Exercise directions =>
All pictures are to be dropped, and the remaining data set down exactly.

Data section =>
****

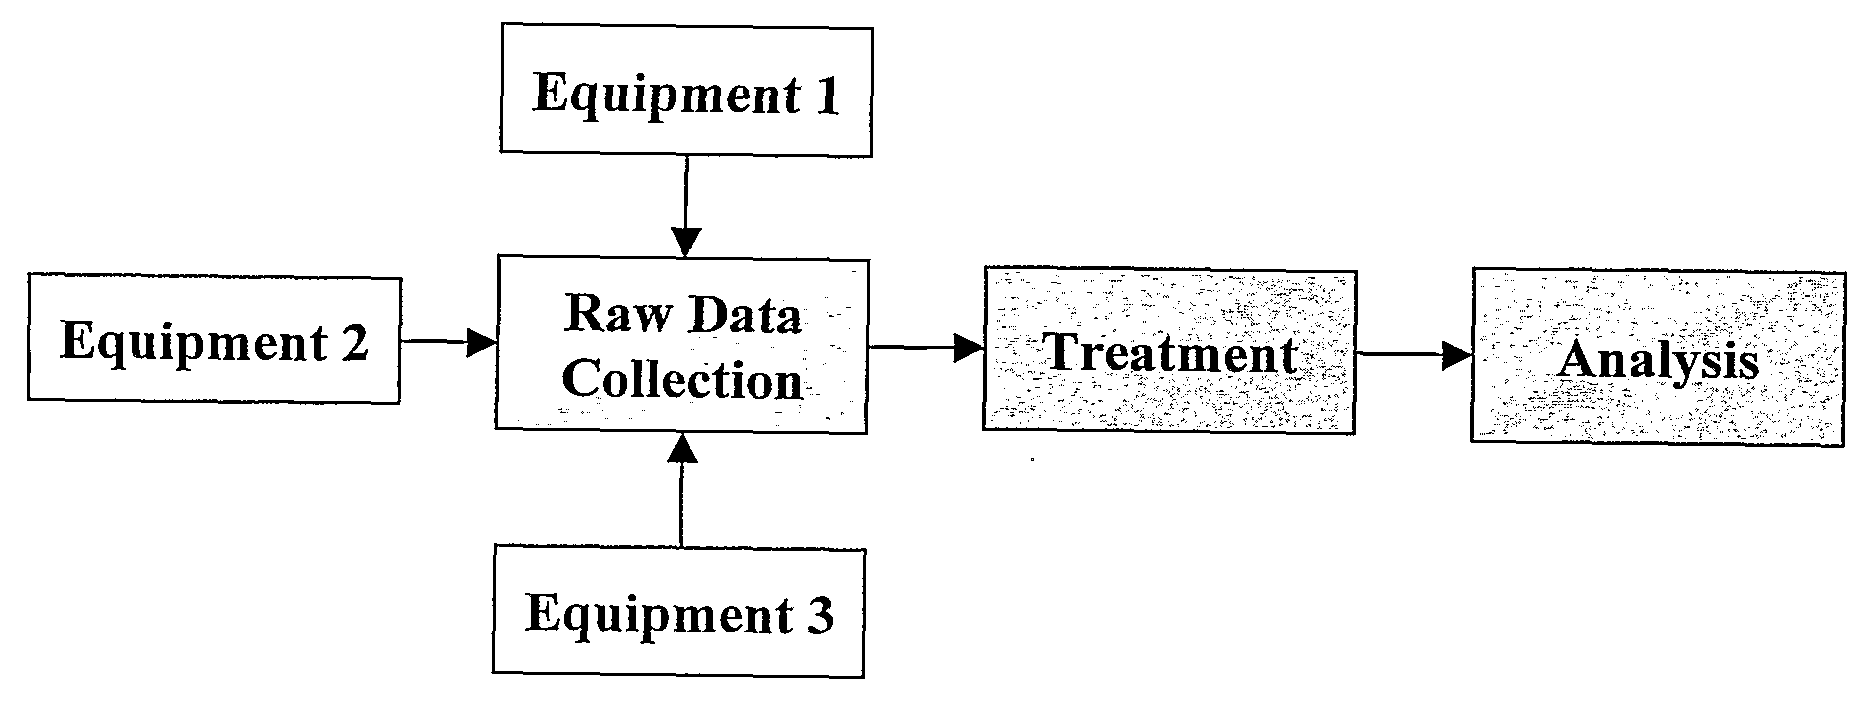 Method for Evaluating the Quality of Data Collection in a Manufacturing Environment
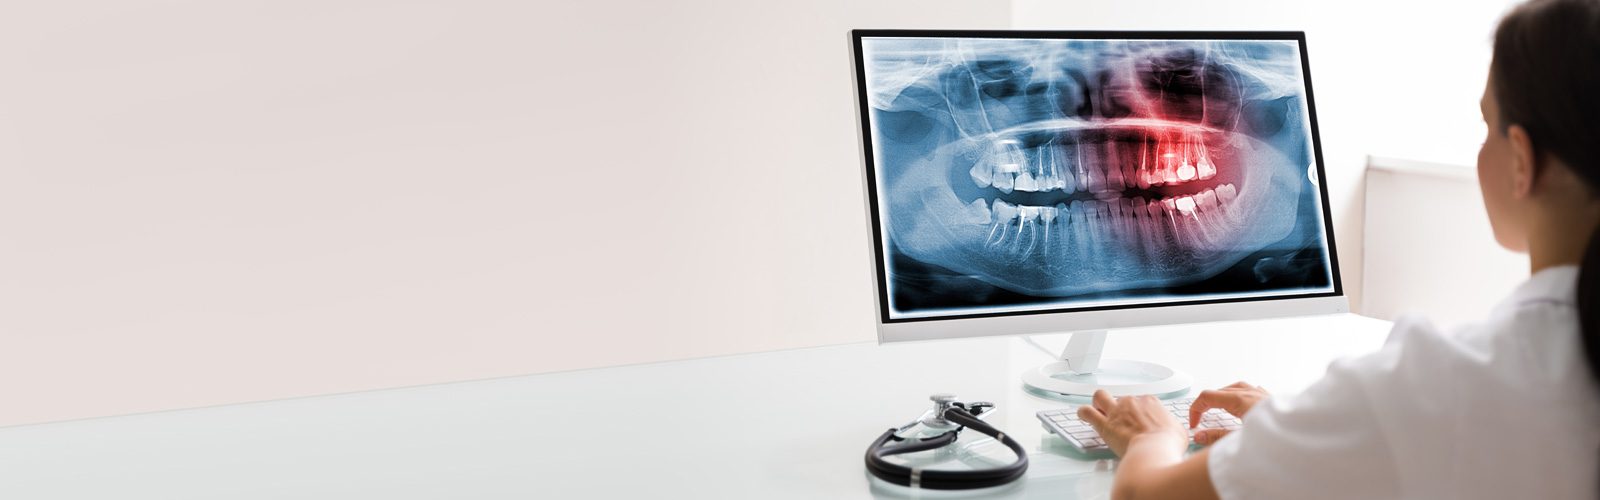 FDA Approves Dental Technology Capable of Reading and Interpreting X-rays
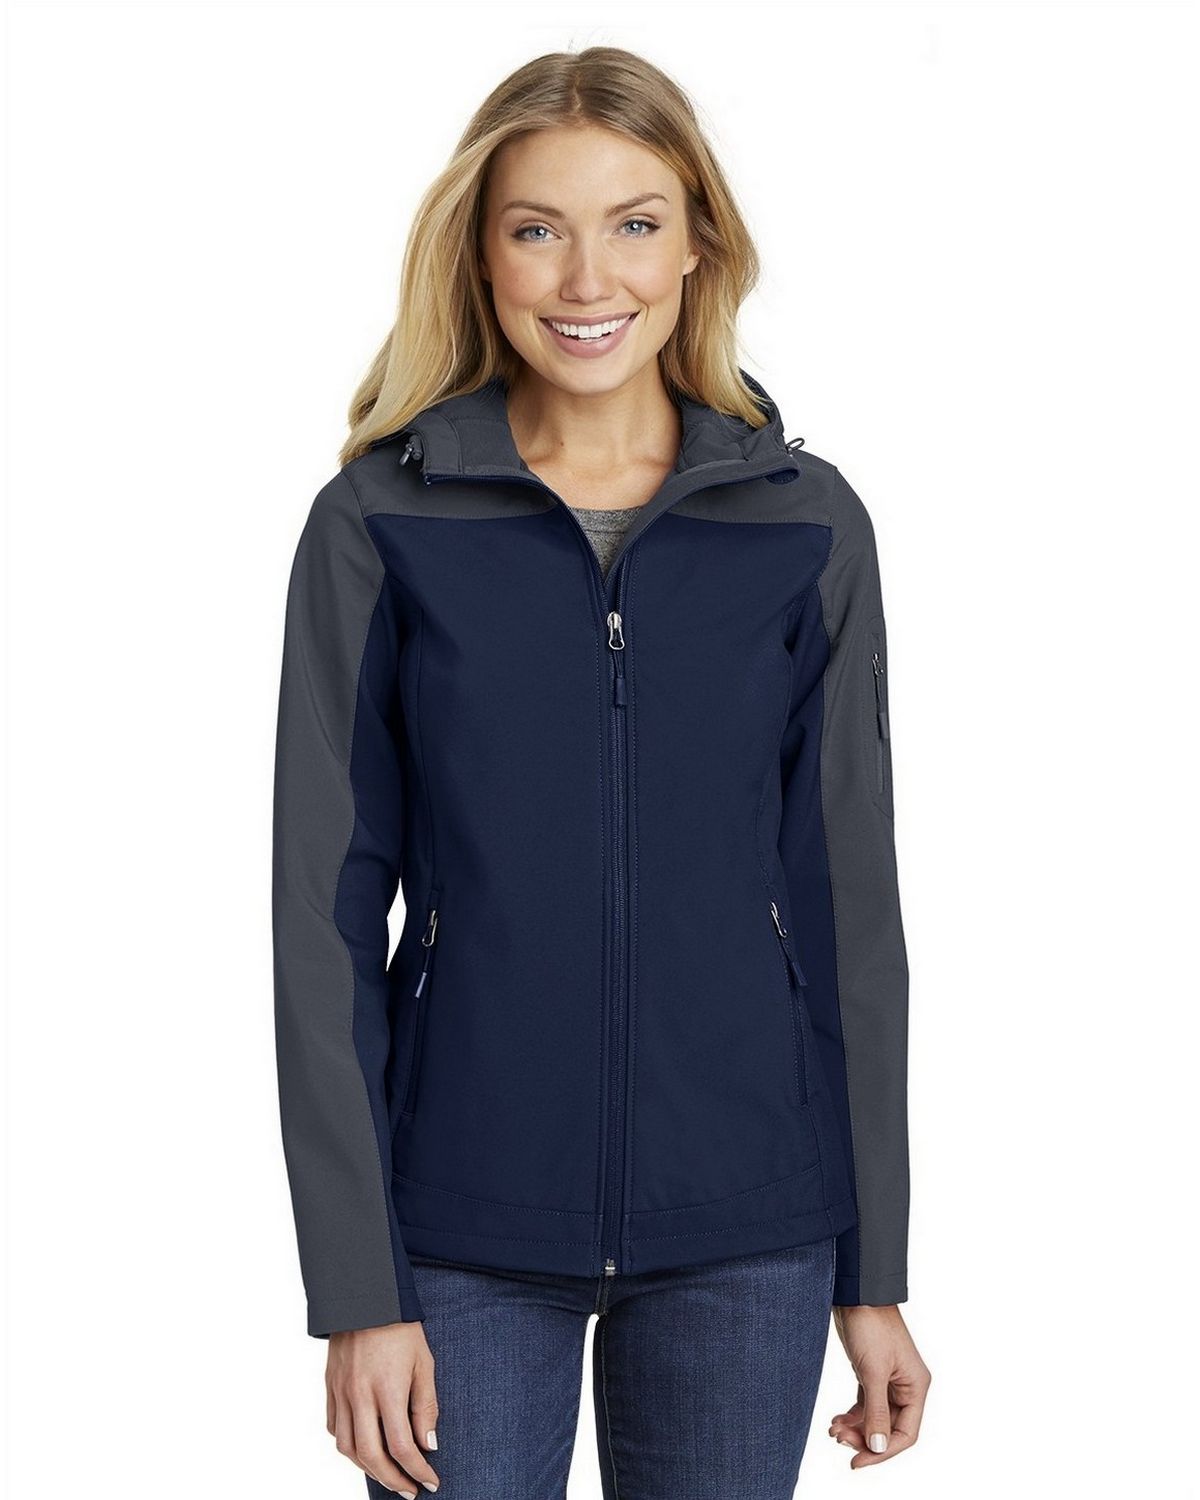 Port Authority L335 Ladies Hooded Core Soft Shell Jacket - ApparelnBags.com
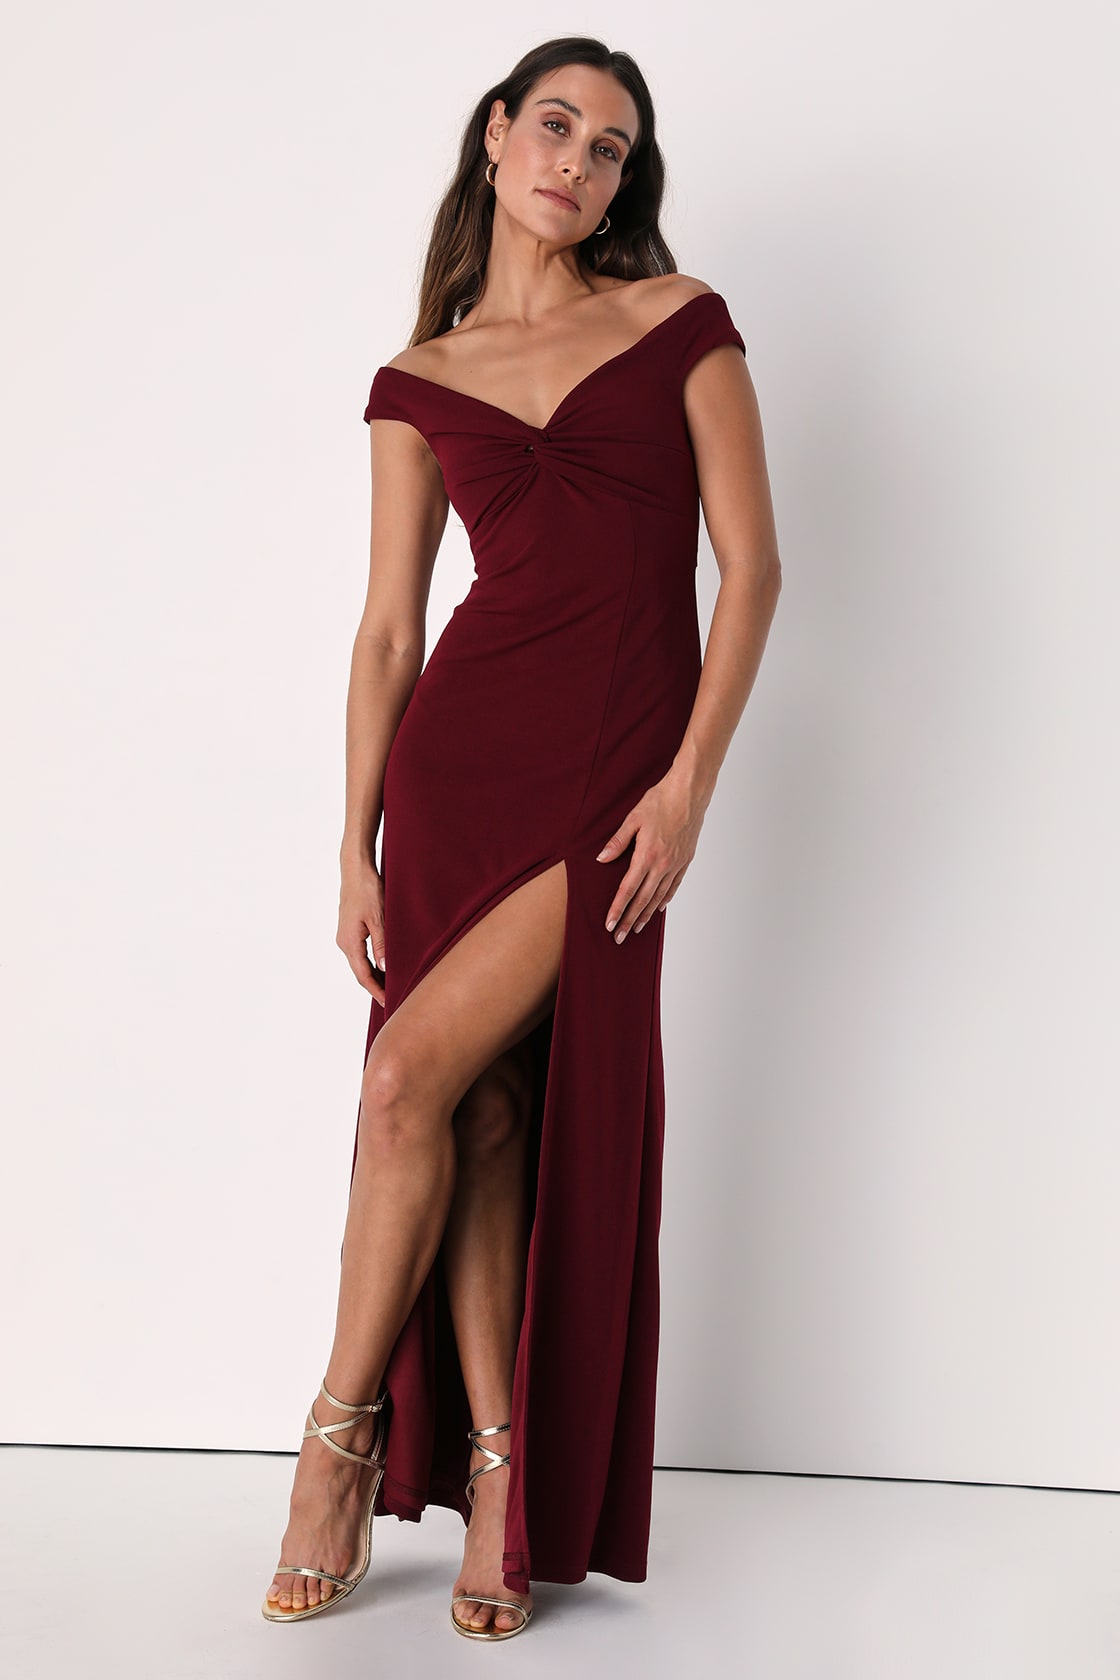 Behold My Love Burgundy Off-The-Shoulder Twist-Front Maxi Dress

****

Exercise solution =>
 Method for Evaluating the Quality of Data Collection in a Manufacturing Environment
 FDA Approves Dental Technology Capable of Reading and Interpreting X-rays
 Port Authority L335 Ladies Hooded Core Soft Shell Jacket - ApparelnBags.com
 Behold My Love Burgundy Off-The-Shoulder Twist-Front Maxi Dress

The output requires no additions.